Hopefully the days of teachers lecturing in the front of the classroom, “downloading” information for students to take in and regurgitate. As quoted in engage, 21st Century Skills, research shows that “..students learn more when they are engaged in meaningful, relevant, and intellectually stimulating work” (Newmann, Bryk, & Nagaoka, 2001, p. 10). Today’s students should be challenged with tasks that allow them to work in groups, think critically, and represent their knowledge in numerous ways. If students are presented with choice in their learning, they are often more engaged.
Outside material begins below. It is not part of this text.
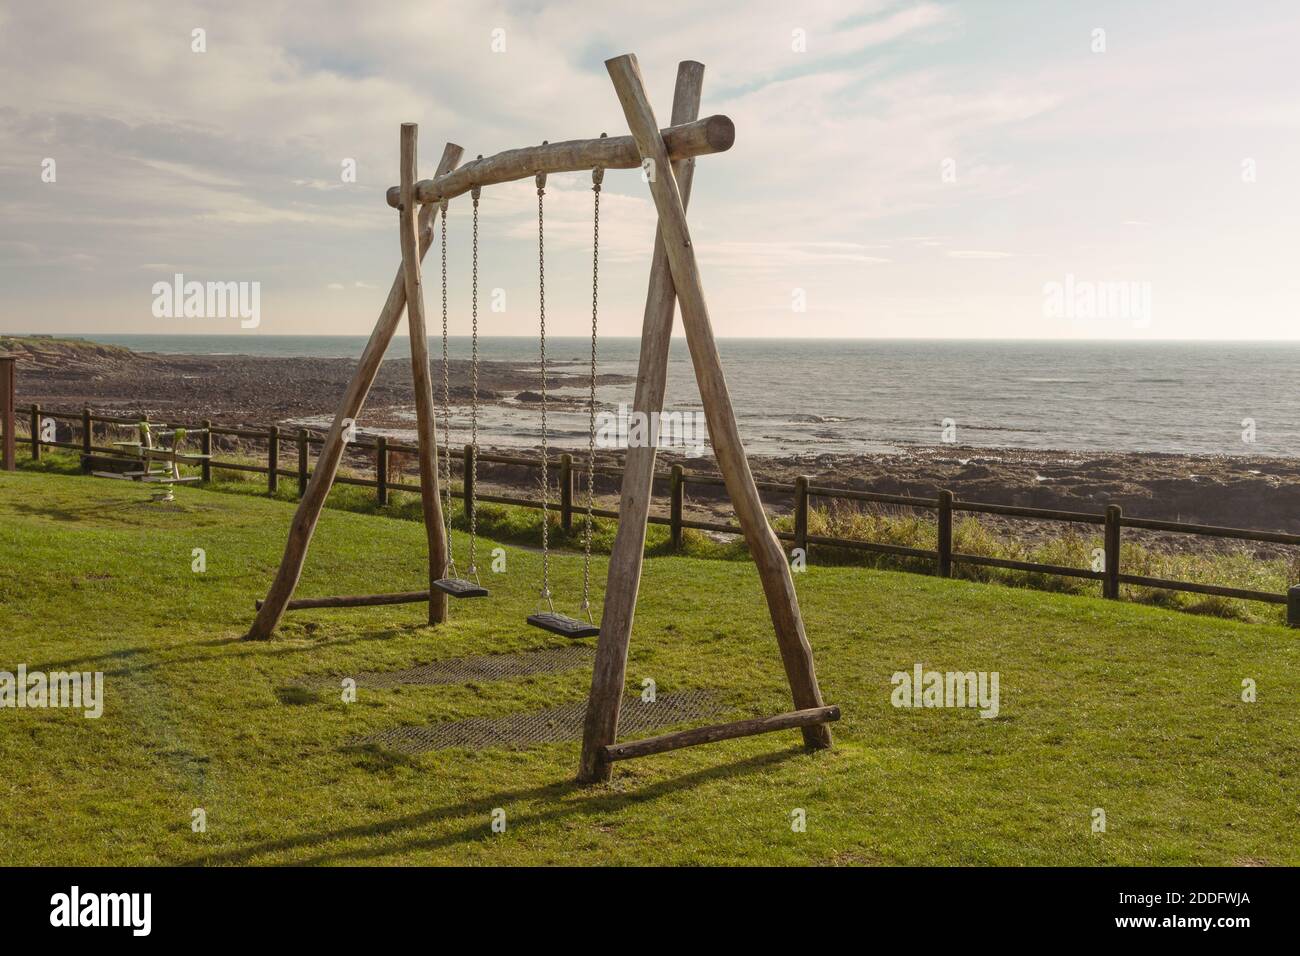 Due altalene per bambini in un parco sul mare, a Caal, Fife, Scozia. Le altalene sono vuote, pronte per i prossimi due bambini a divertirsi. Foto Stock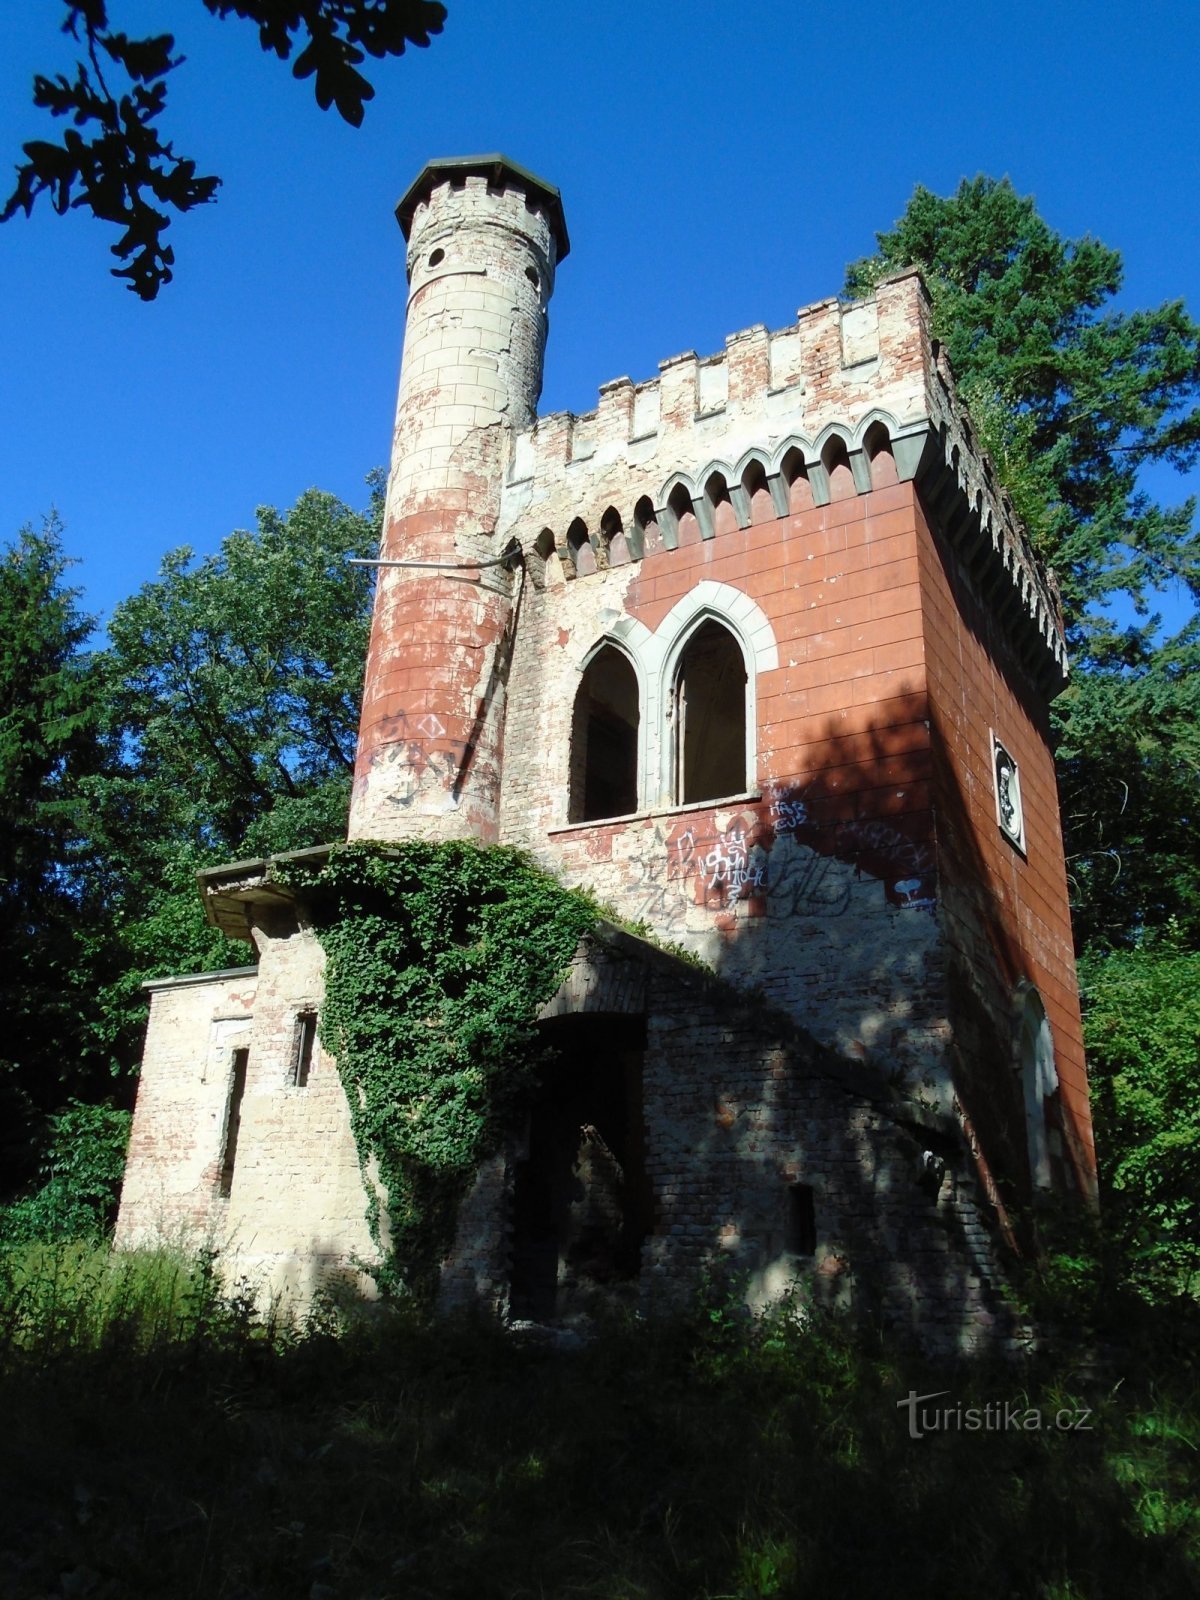 Château d'été de Weinrich (Rohoznice)

I was blessed this past week to spend time with our grade nine students at a marine science centre on Vancouver Island. Even though the days were long, the students were very interested and highly engaged in all the activities we took part in. As the research of Dunleavy, Milton and Crawford shows, “Students want to experience work that is meaningful, not easy: they want to work with ideas that matter, solve real problems, learn from each other, people in their communities and experts in the subjects they are studying…”(as cited in Parsons & Taylor, p. 48). On our trip, students learned from experts, worked on groups researching ideas about sustainable seafood, conservation and climate change. They presented their findings to each other and shared their learning via a blog to their families and friends back in Calgary. The days were long and the work was not always easy, but still, the students were engaged in the topics fully. Challenging our students to use information and find solutions to the problems they encounter now, and those they might in the future will help to keep them engaged in learning.
Metiri Group (2003). enGauge 21st Century Skills: Literacy in the Digital Age. 1-88.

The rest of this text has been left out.